Restaurant of the Week: Pho Vi


Pho Vi, 281 S. Thomas St. (at Third), Pomona

Pho Vi opened in early 2008 in downtown Pomona, in a corner of the 1912 Founders Building that had seen a variety of marginal businesses in recent years. In preparation for its opening, the sidewalk was widened to allow patio dining.

As aficionados know, Pomona is home to several exemplary Vietnamese restaurants, most of them on East Holt between Clark and Indian Hill, but Pho Vi is the first attempt downtown. It may have represented something of a gamble, but perhaps because downtown is light on sit-down restaurants, Pho Vi was an immediate hit, especially during the monthly art walk or when there’s a concert up the block at the Glass House.

I first went there last May and I’ve gone back almost a dozen times, ordering something new each visit. The menu has 222 numbered items, which should keep me busy through Obama’s second term. (On one visit, employees were overheard testing each other on their recall of the menu: “147!” “Sauteed mixed vegetable fried noodle!”)

I’m far from an expert on Vietnamese cuisine, but my own experience and that of friends tells me Pho Vi, while perhaps not the best in Pomona, is among the best.

There are three dozen examples of pho (pronounced “fuh”), the Vietnamese beef noodle soup, most of them under $6.50 even for a two-person bowl. You also get a plate of mint leaves, bean sprouts and lime wedges to season the soup to your taste.

(The very long thin noodles are a challenge to eat if you’re not good with chopsticks; I always, rather shamefacedly, twirl them with a fork against my soup spoon, like spaghetti, hoping no one sees me.)

There are dozens upon dozens of rice and noodle dishes, often with charbroiled pork, beef or shrimp. I’ve had a few of these too and liked them quite a bit.

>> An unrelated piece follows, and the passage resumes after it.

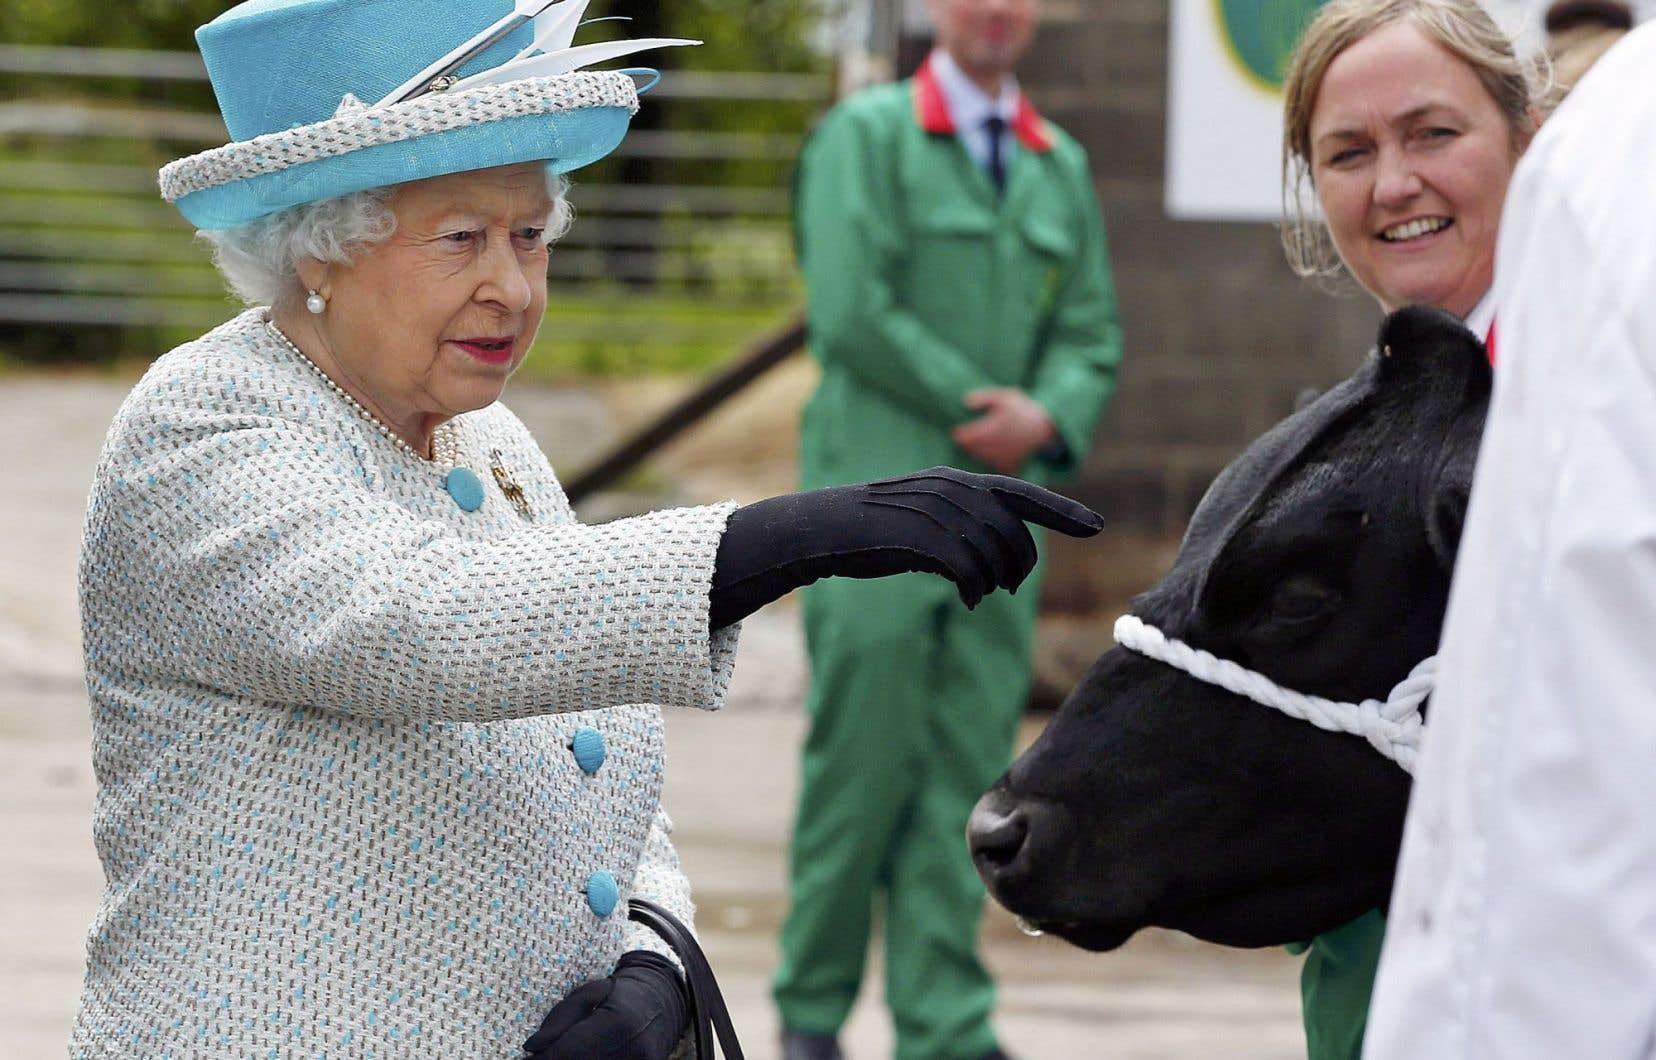 La reine Elizabeth est bien portante, a tenu à préciser Buckingham Palace. On la voit ici la semaine dernière au Myerscough College, dans le Lancaster.

The restaurant is L-shaped, done in shades of green, with an industrial look. Each table has jars and bottles of various spices and containers of cutlery and chopsticks. The service is prompt, but rather than make you feel rushed, they rather quaintly never bring a bill until you motion for it. The place is family-run, with the oldest member of the family usually seen sitting at a table reading a Vietnamese-language newspaper.

Also, their neon sign, which lends an urban feel to the corner, is really cool.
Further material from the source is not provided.